Struct rv::dist::Bernoulli

pub struct Bernoulli { /* fields omitted */ }

Bernoulli distribution with success probability p

Example

let b = Bernoulli::new(0.75).unwrap();
assert::close(b.pmf(&true), 0.75, 1E-12);

The following example panics because 2 is out of outside the Bernoulli support

let b = Bernoulli::new(0.75).unwrap();
assert!(!b.supports(&2_u8));

b.pmf(&2_u8); // panics

Implementations

impl Bernoulli

pub fn new(p: f64) -> Result<Self, BernoulliError>

Create a new Bernoulli distribution.

Examples

let b = Bernoulli::new(0.5).unwrap();

let coin_flips: Vec<bool> = b.sample(5, &mut rng);

assert_eq!(coin_flips.len(), 5);

Bernoulli::new will return an Error type if given an invalid paramter.

assert!(Bernoulli::new(-1.0).is_err());
assert!(Bernoulli::new(1.1).is_err());

pub fn new_unchecked(p: f64) -> Self

Creates a new Bernoulli without checking whether parameter value is valid.

pub fn uniform() -> Self

A Bernoulli distribution with a 50% chance of success

Example

let b = Bernoulli::uniform();

assert_eq!(b.p(), 0.5);
assert_eq!(b.q(), 0.5);

pub fn p(&self) -> f64

Get p, the probability of success.

Example

let b = Bernoulli::new(0.2).unwrap();

assert_eq!(b.p(), 0.2);

pub fn set_p(&mut self, p: f64) -> Result<(), BernoulliError>

Set p, the probability of success.

Example

let mut b = Bernoulli::new(0.2).unwrap();
b.set_p(0.5).unwrap();

assert_eq!(b.p(), 0.5);

Will error for invalid values

assert!(b.set_p(0.0).is_ok());
assert!(b.set_p(1.0).is_ok());
assert!(b.set_p(-1.0).is_err());
assert!(b.set_p(1.1).is_err());
assert!(b.set_p(std::f64::INFINITY).is_err());
assert!(b.set_p(std::f64::NEG_INFINITY).is_err());
assert!(b.set_p(std::f64::NAN).is_err());

pub fn set_p_unchecked(&mut self, p: f64)

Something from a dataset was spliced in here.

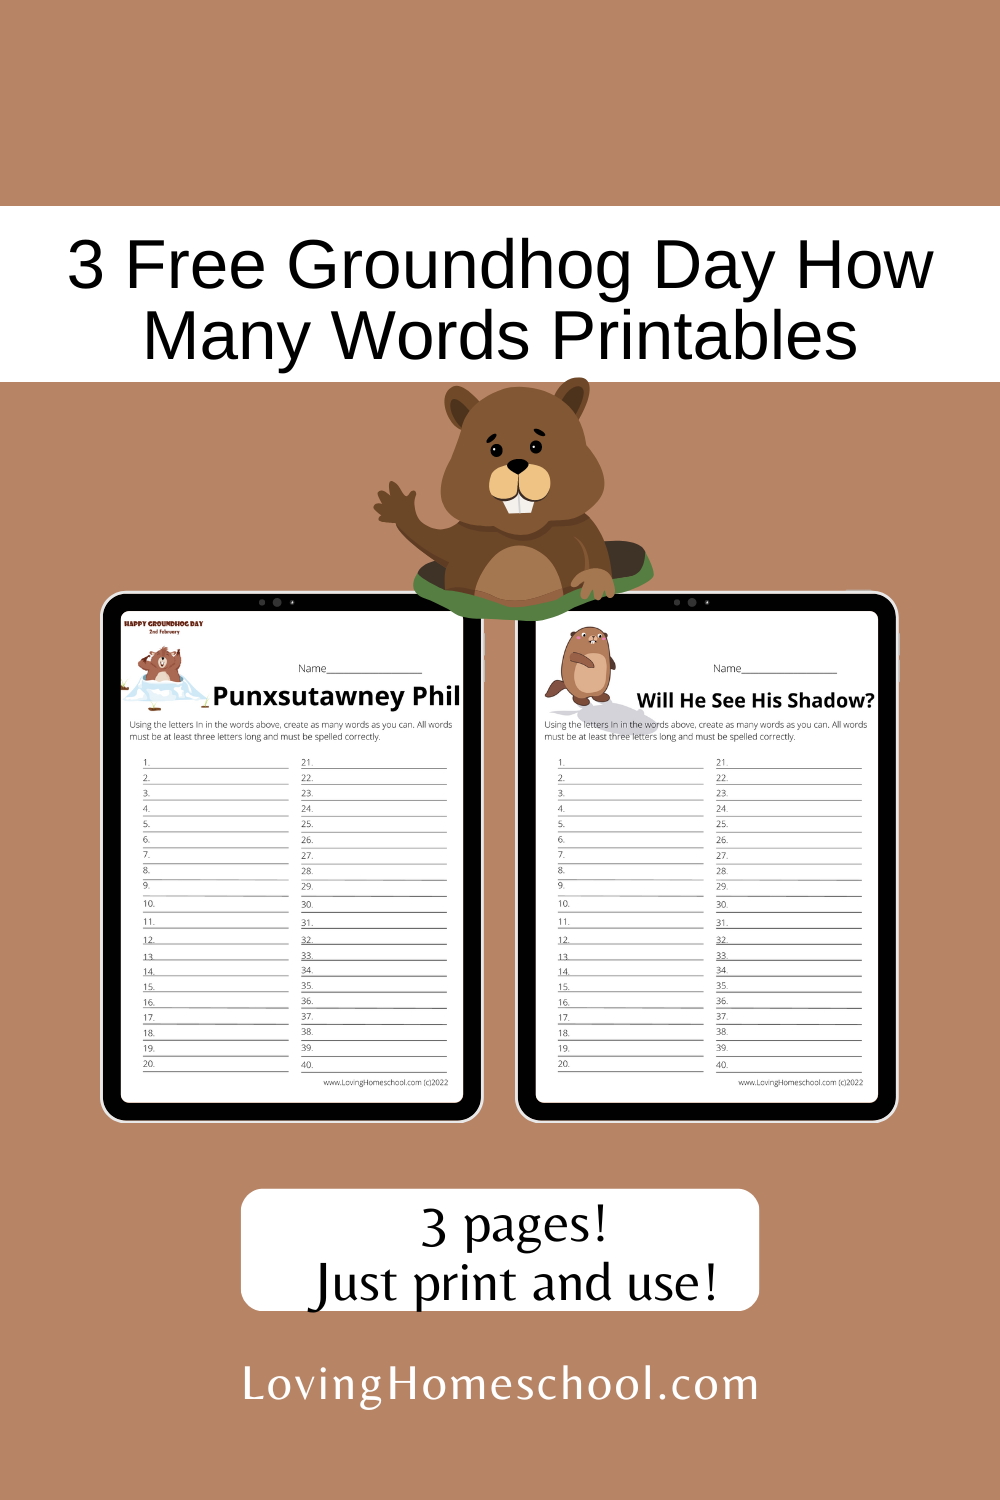 Free Groundhog Day How Many Words Printables Pinterest Pin

Set p without input validation

pub fn q(&self) -> f64

The complement of p, i.e. (1 - p).

Example

let b = Bernoulli::new(0.2).unwrap();

assert_eq!(b.q(), 0.8);

Trait Implementations

impl<X: Booleable> Cdf<X> for Bernoulli

fn cdf(&self, x: &X) -> f64

The value of the Cumulative Density Function at x

fn sf(&self, x: &X) -> f64

Survival function, 1 - CDF(x)

impl Clone for Bernoulli

fn clone(&self) -> Bernoulli

Returns a copy of the value.

pub fn clone_from(&mut self, source: &Self)

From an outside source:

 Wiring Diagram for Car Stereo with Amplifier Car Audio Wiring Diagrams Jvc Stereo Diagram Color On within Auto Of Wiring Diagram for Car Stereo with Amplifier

Performs copy-assignment from source.

impl<X: Booleable> ConjugatePrior<X, Bernoulli> for Beta

type Posterior = Self

Type of the posterior distribution

type LnMCache = f64

Type of the ln_m cache

type LnPpCache = (f64, f64)

Type of the ln_pp cache

fn posterior(&self, x: &DataOrSuffStat<'_, X, Bernoulli>) -> Self

Computes the posterior distribution from the data

fn ln_m_cache(&self) -> Self::LnMCache

Compute the cache for the log marginal likelihood.

fn ln_m_with_cache(
    &self,
    cache: &Self::LnMCache,
    x: &DataOrSuffStat<'_, X, Bernoulli>
) -> f64

Log marginal likelihood with supplied cache.

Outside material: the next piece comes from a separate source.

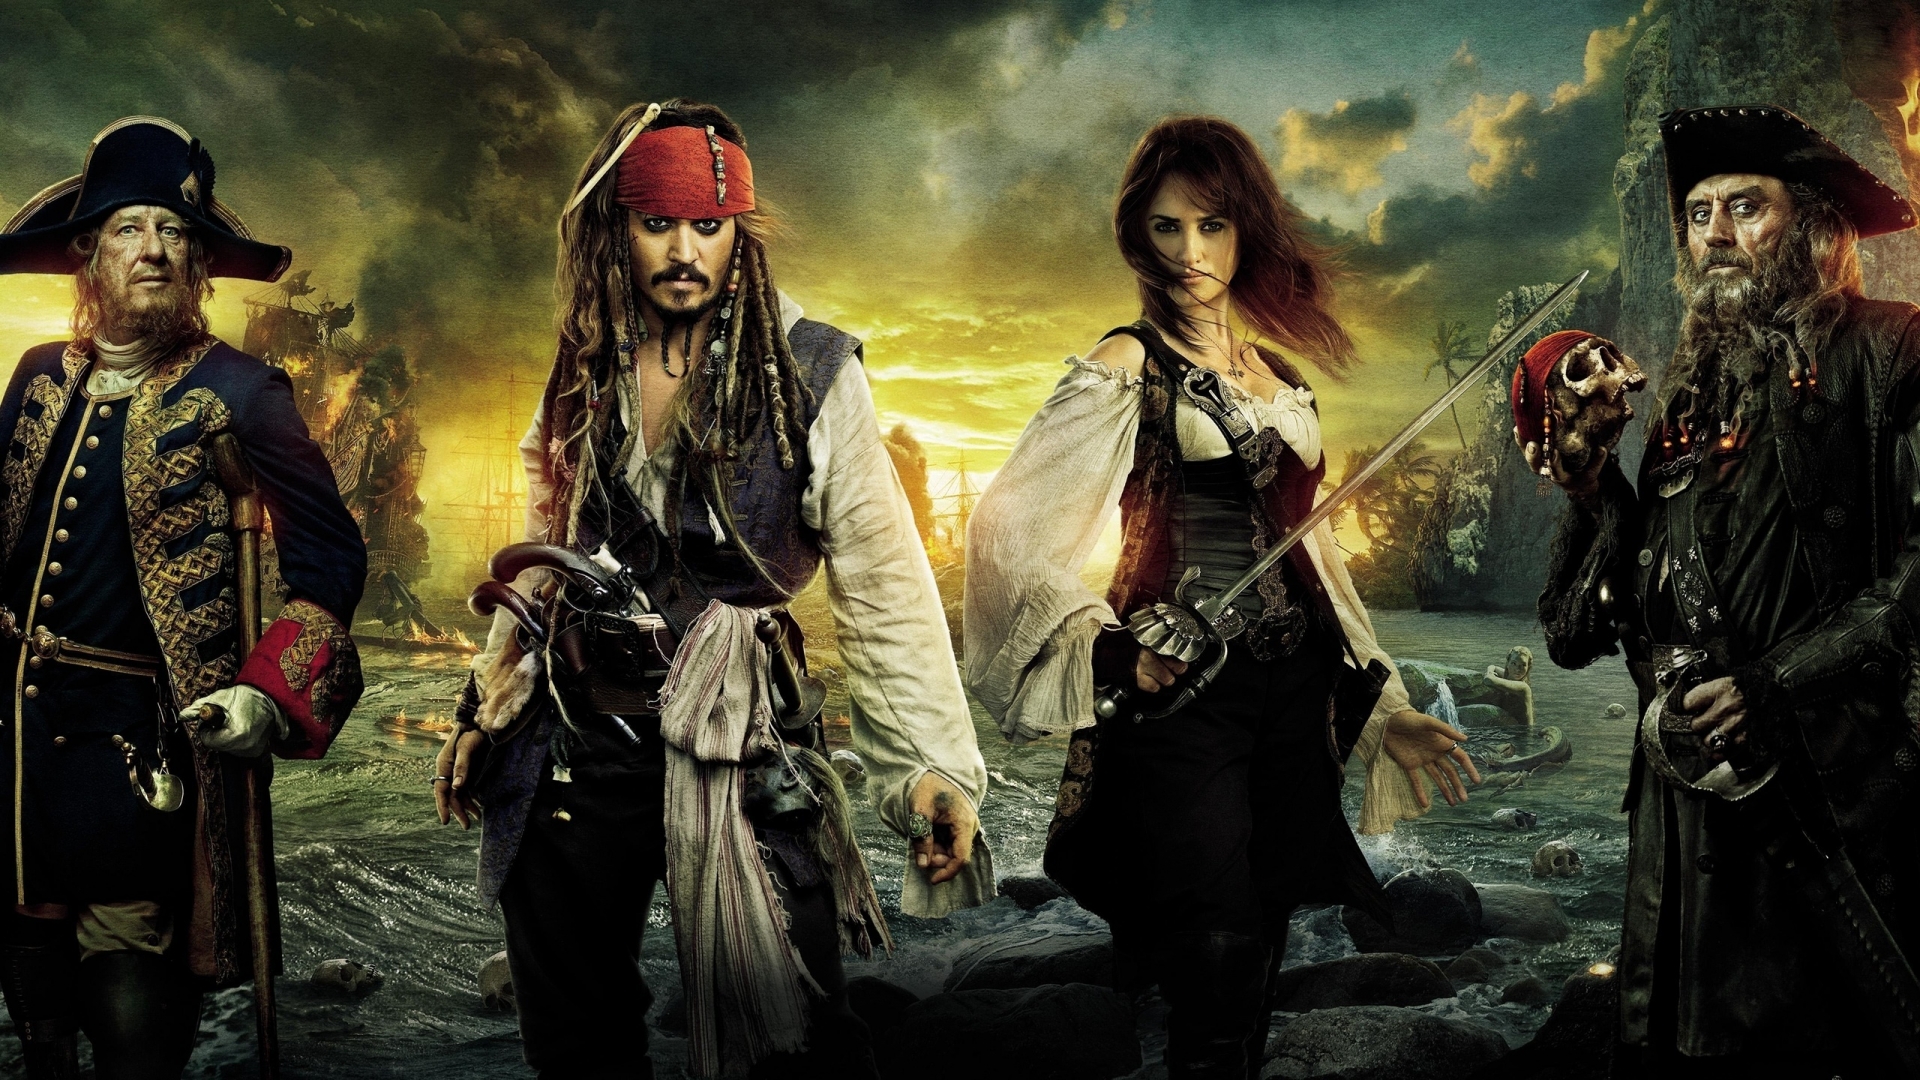 Pirates of the Caribbean Characters for 1920 x 1080 HDTV 1080p resolution

fn ln_pp_cache(&self, x: &DataOrSuffStat<'_, X, Bernoulli>) -> Self::LnPpCache

Compute the cache for the Log posterior predictive of y given x.

fn ln_pp_with_cache(&self, cache: &Self::LnPpCache, y: &X) -> f64

Log posterior predictive of y given x with supplied ln(norm)

fn ln_m(&self, x: &DataOrSuffStat<'_, X, Fx>) -> f64

The log marginal likelihood

fn ln_pp(&self, y: &X, x: &DataOrSuffStat<'_, X, Fx>) -> f64

Log posterior predictive of y given x

fn m(&self, x: &DataOrSuffStat<'_, X, Fx>) -> f64

Marginal likelihood of x

fn pp(&self, y: &X, x: &DataOrSuffStat<'_, X, Fx>) -> f64

Posterior Predictive distribution

impl ContinuousDistr<Bernoulli> for Beta

fn pdf(&self, x: &X) -> f64

The value of the Probability Density Function (PDF) at x

fn ln_pdf(&self, x: &X) -> f64

The value of the log Probability Density Function (PDF) at x

impl Debug for Bernoulli

fn fmt(&self, f: &mut Formatter<'_>) -> Result

Formats the value using the given formatter.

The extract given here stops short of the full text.